SHOYEL
HOKHBERG (April 23, 1870-April 22, 1942)
He was born in Yaltushkov
(Yaltushkiv), Podolia region, Ukraine.
He studied in religious primary school; early on became a follower of
the Jewish Enlightenment and turned his attentions to secular subject
matter. At age fifteen he wrote
correspondence pieces for Yudishes
folksblat (Jewish people’s newspaper).
In the third and four issues of M. Spektor’s Hoyzfraynd (House friend), he published descriptions of Jews in the
Caucasus. He also contributed pieces to
the Russian Jewish newspapers Voskhod
(Rising) and Russkii evrei (Russian
Jewry). In 1891 he settled in Warsaw,
where he was the representative and a correspondent for the Russian telegraph
agency, for the Berlin “Wolff Bureau,” and for the Parisian “Havas Agency.” In 1906 he published in Warsaw a weekly
newspaper, Fraytog (Friday), edited
by M. Spektor, and Di yudishe vokhnshrift
(Jewish weekly writing), edited by Y. L. Peretz. At the start of 1907, he was the publisher of
the daily newspaper Unzer lebn (Our
life), edited by M. Spektor and Tsvi Prilucki, which played a leading role in
Jewish life in Warsaw and reached a circulation of 40,000. In 1912 he moved the newspaper to Odessa, and
there he published it until the October Revolution in 1917. In 1922 he returned to Poland and wrote for Lodzer tageblat (Lodz daily newspaper)

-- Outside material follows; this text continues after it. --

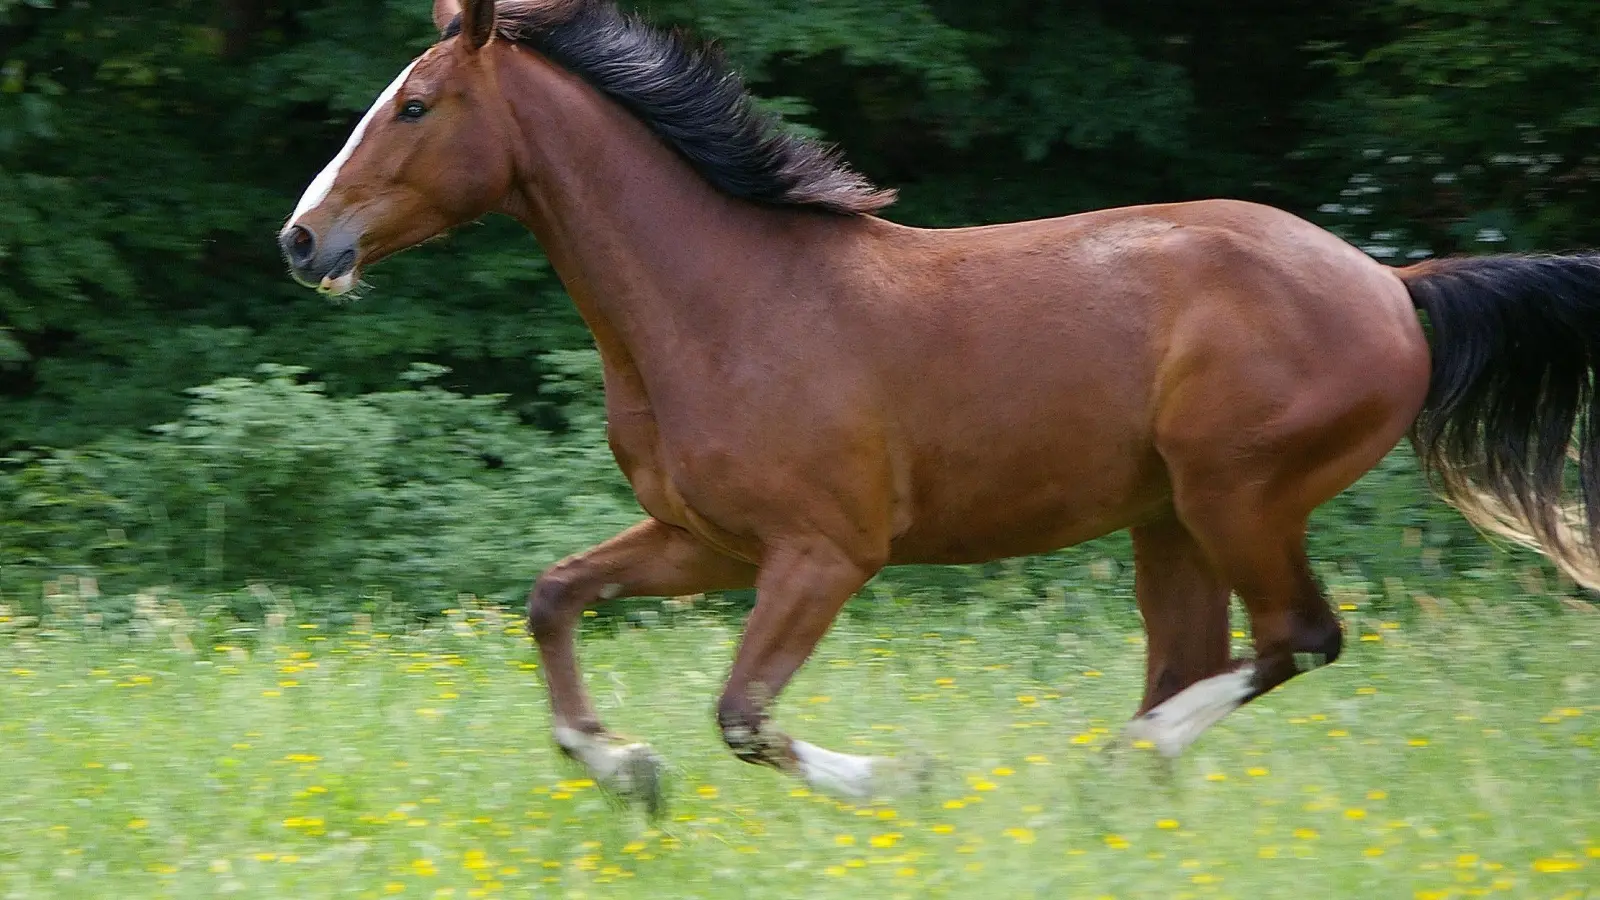 <b>Ein Pferd ist am Donnerstag</b> vor seiner Halterin davongelaufen. Die Frau hatte es massieren wollen. (Foto: Pixabay)

and Di khazonim velt (Cantorial
world), among others. He wrote a play
entitled Treytl kvatsh (Rubbish)
which was staged in Warsaw, Lodz, and Odessa.
He was also concerned with community work, in particular with aid work
to those who had suffered during WWI and pogroms in Ukraine. During the months of the Kerensky government
in Russia in 1917, he intervened with the Romanian government concerning the
harsh conditions facing Jews in Romania, especially in the provinces that
Romania occupied in 1918. At the time he
published in Unzer lebn a series of
articles on the persecutions suffered by Jews in Romania. Prior to the outbreak of WWII, he emigrated
to Israel, and he died in Jerusalem.
Sources:
Zalmen Reyzen, Leksikon, vol. 1,
including a bibliography; Z. Zilbertsvayg, Leksikon
fun yidishn teater (Handbook of the Yiddish theater), vol. 1; American Jewish Year Book (5703-1942).